* _Task goal_
From the line containing "Smiley Face 1680x1050" through the last line of the data, both ends included, write out every line exactly; omit the pictures.

═══ Recorded information

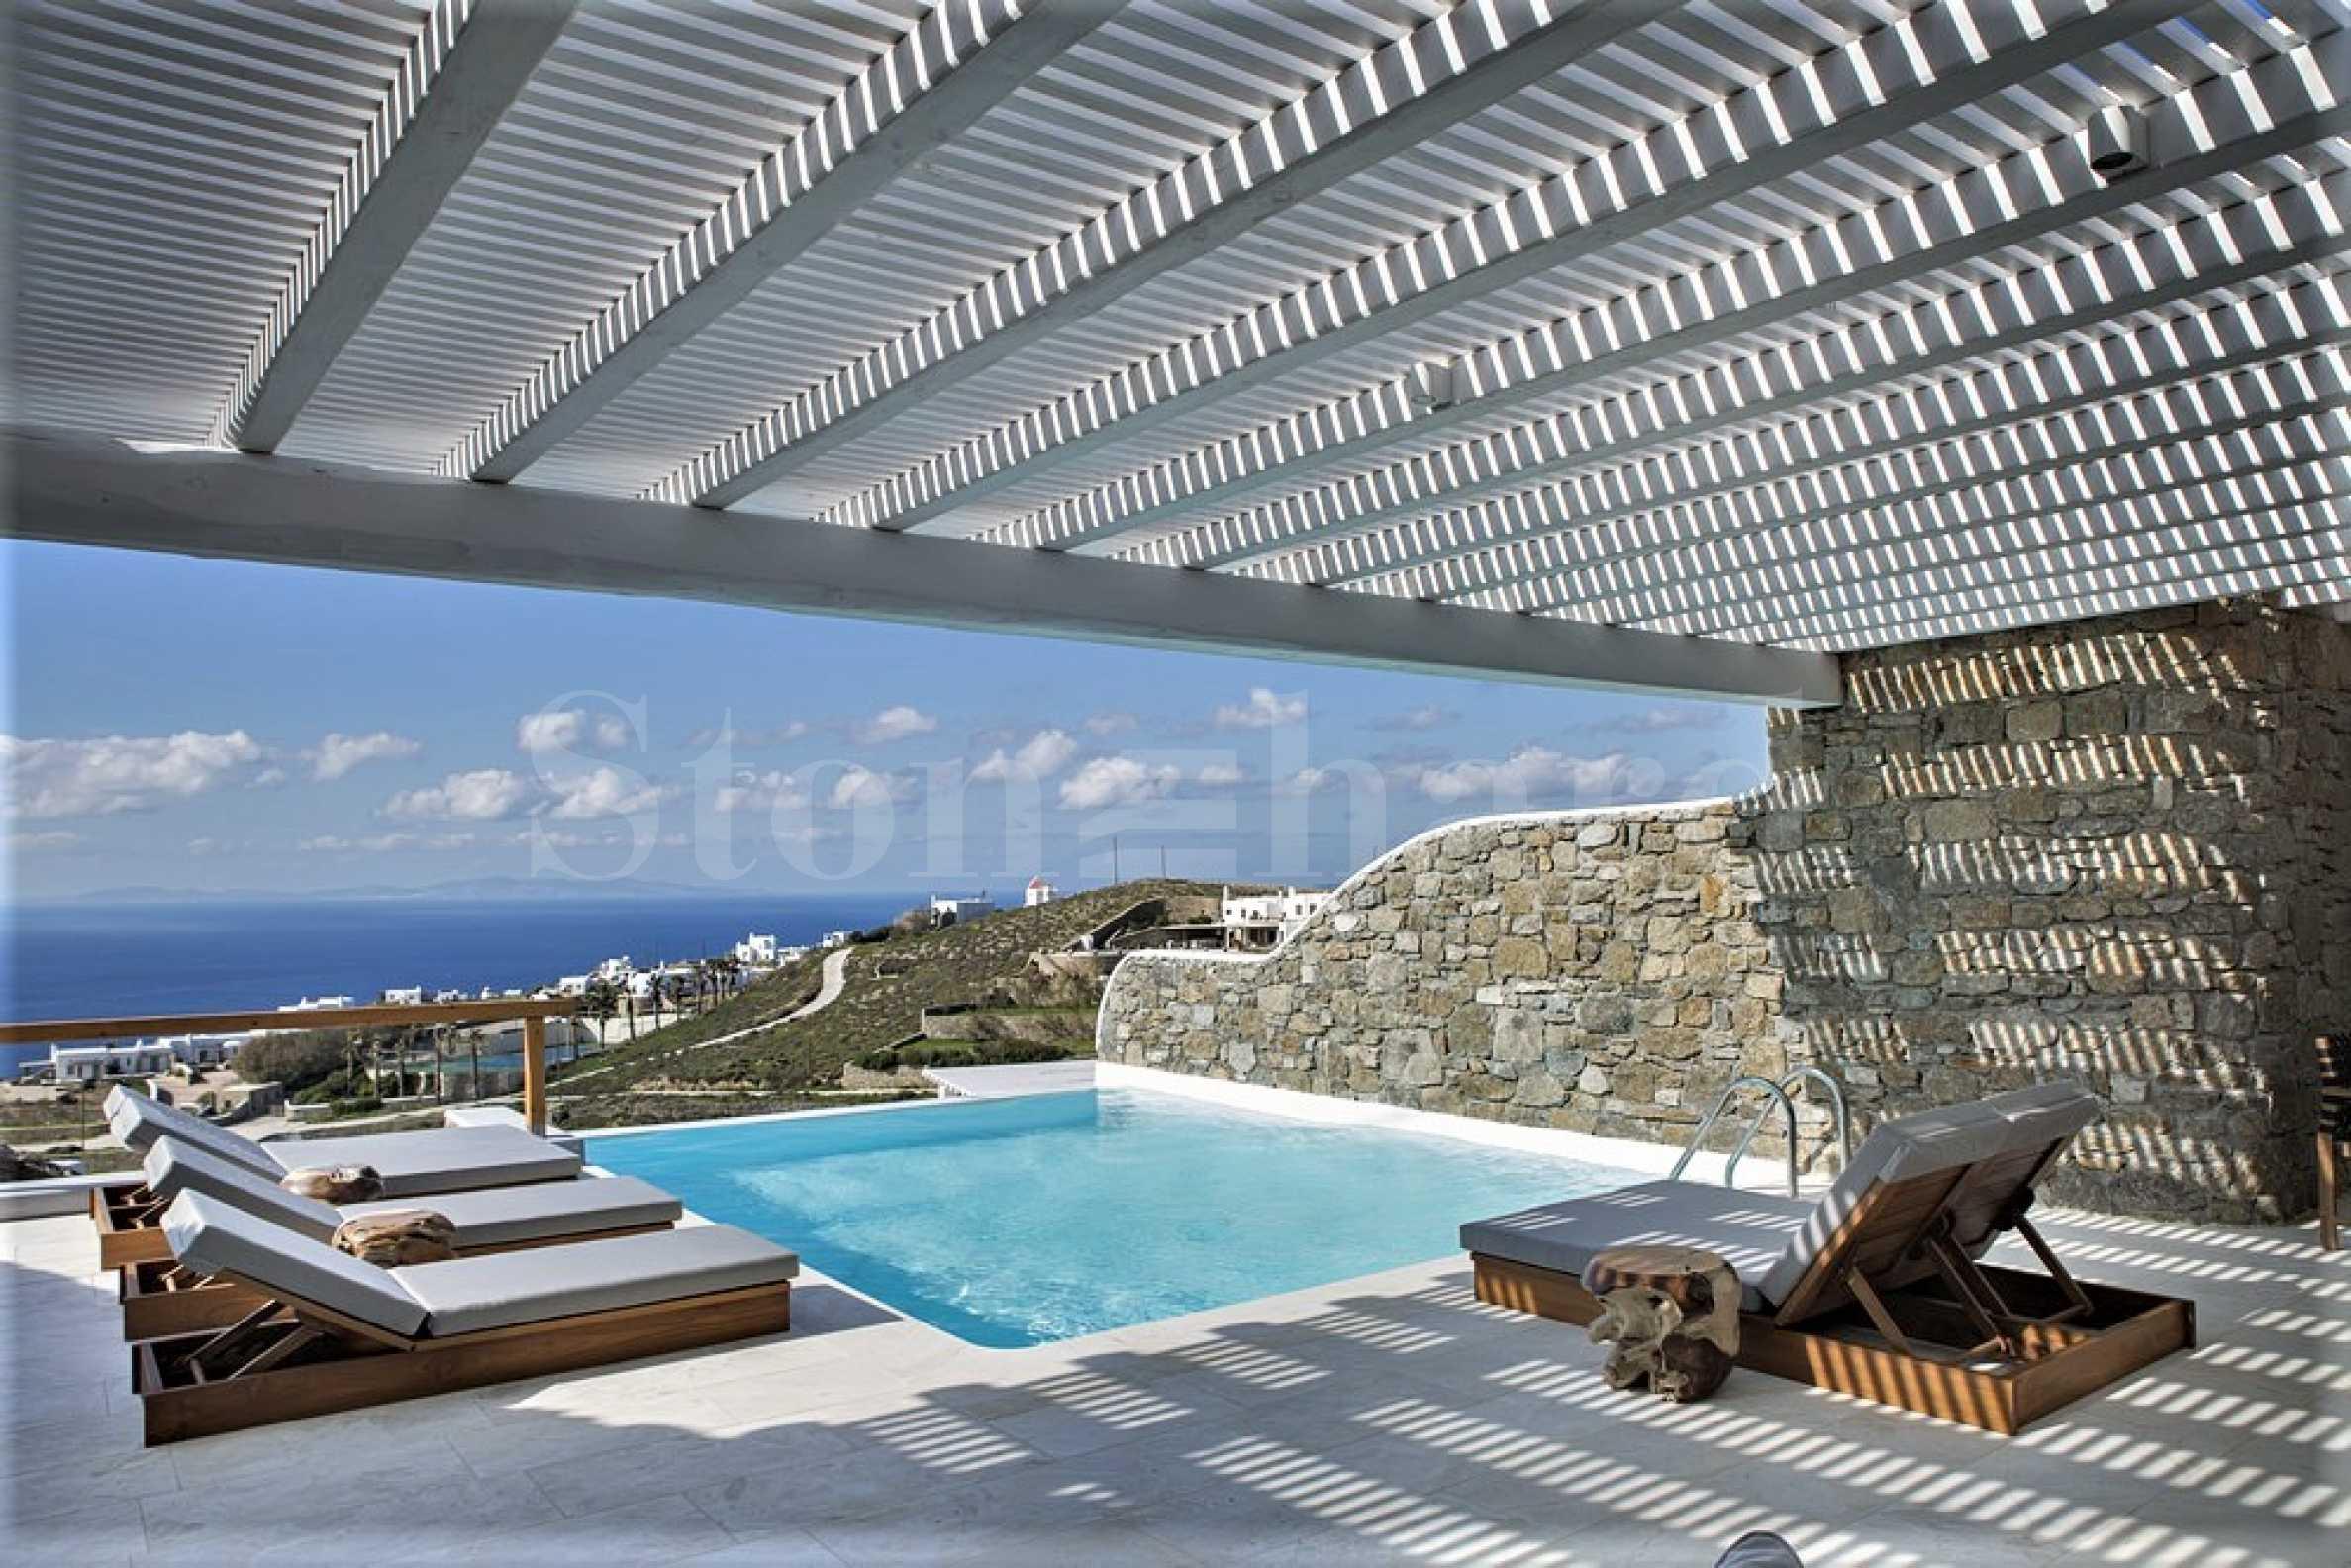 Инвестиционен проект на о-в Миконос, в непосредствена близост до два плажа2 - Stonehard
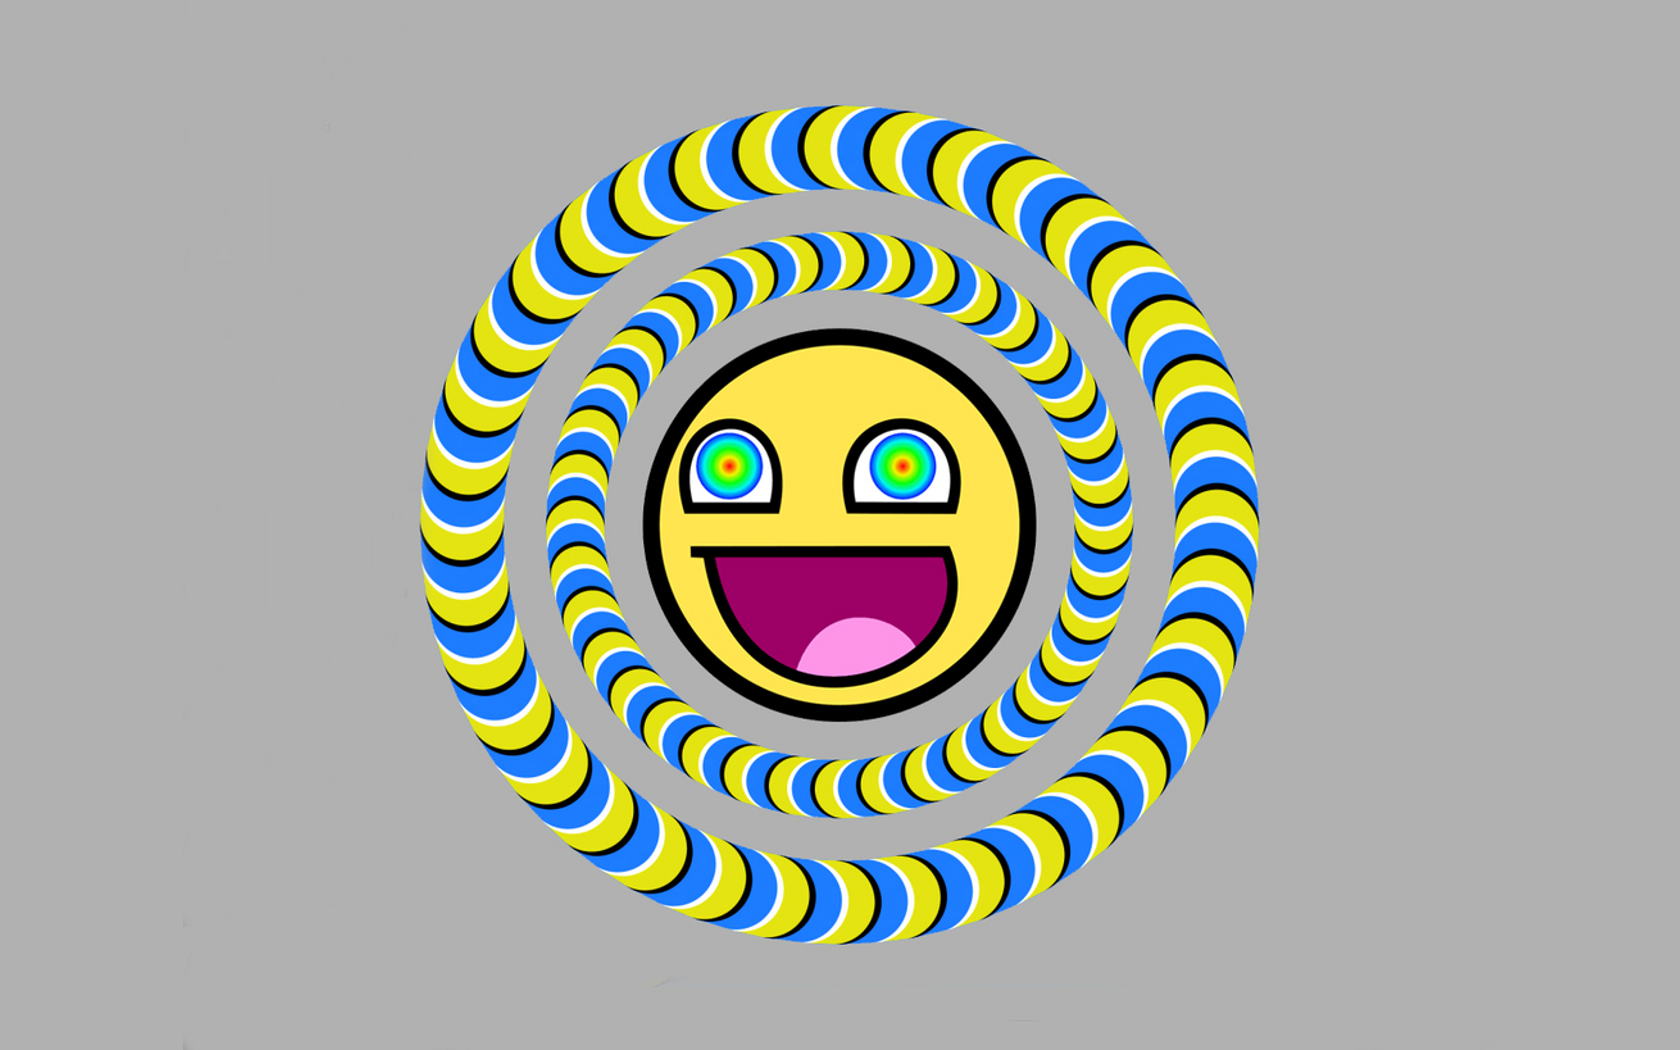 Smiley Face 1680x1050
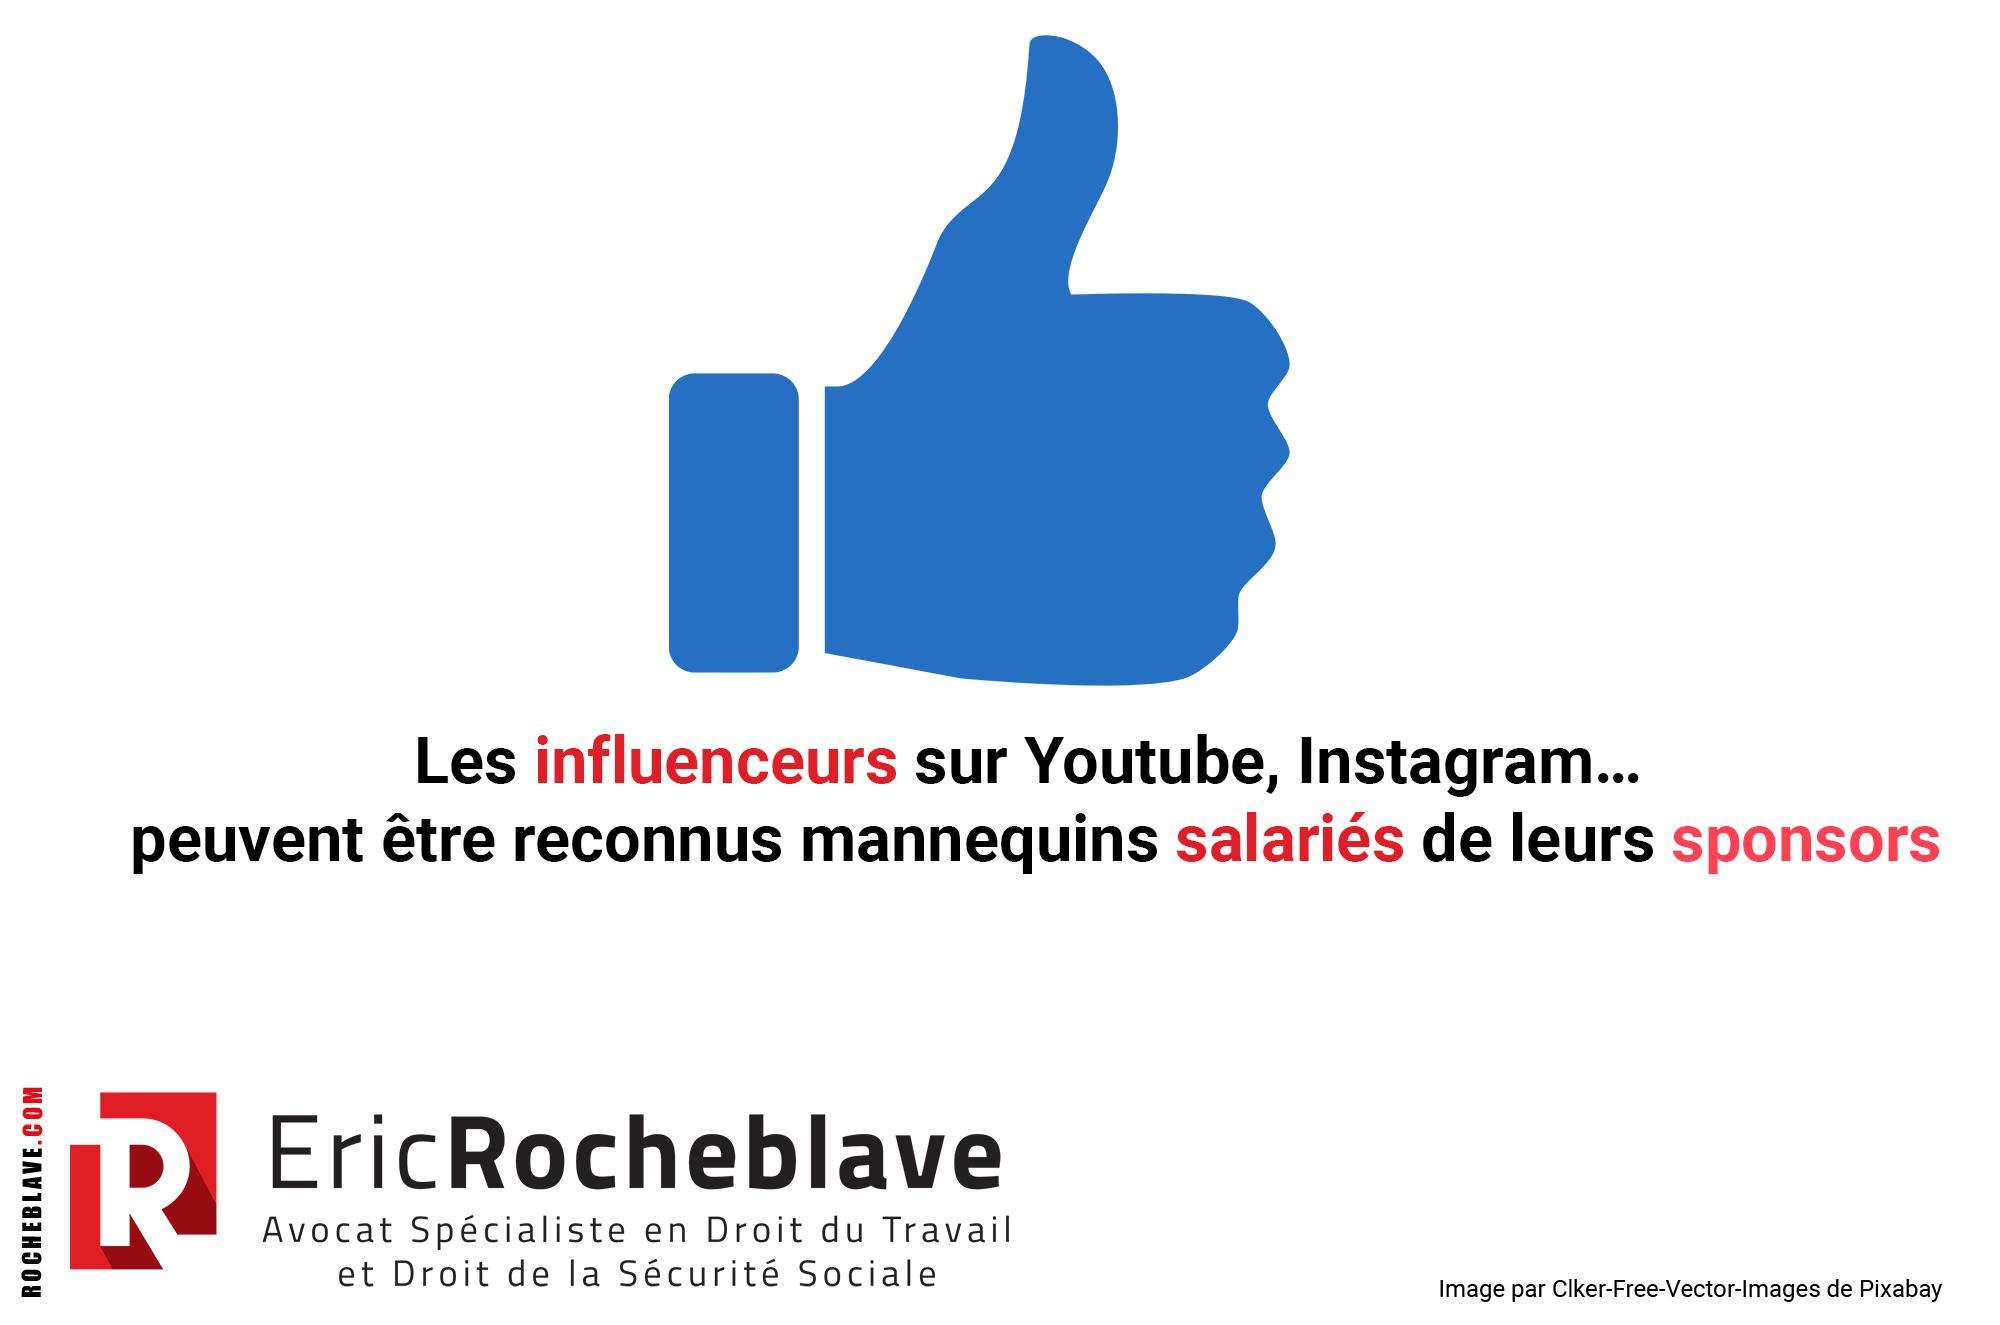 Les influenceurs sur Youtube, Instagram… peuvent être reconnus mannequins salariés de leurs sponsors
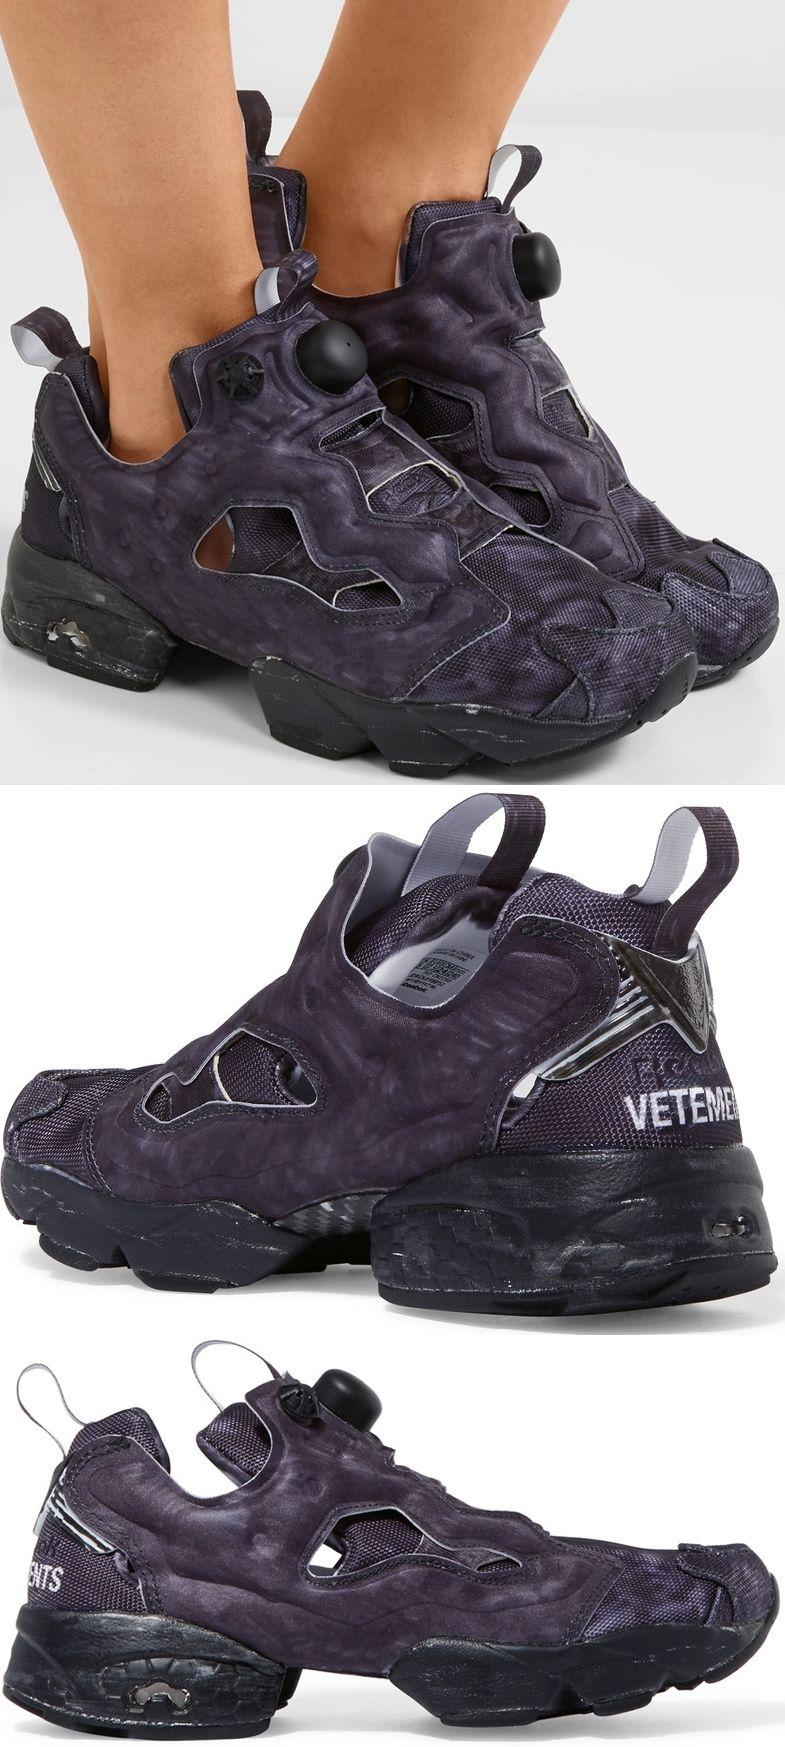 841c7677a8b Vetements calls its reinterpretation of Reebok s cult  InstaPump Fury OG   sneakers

══════

* _Answer to this task_
 Smiley Face 1680x1050
 Les influenceurs sur Youtube, Instagram… peuvent être reconnus mannequins salariés de leurs sponsors
 841c7677a8b Vetements calls its reinterpretation of Reebok s cult  InstaPump Fury OG   sneakers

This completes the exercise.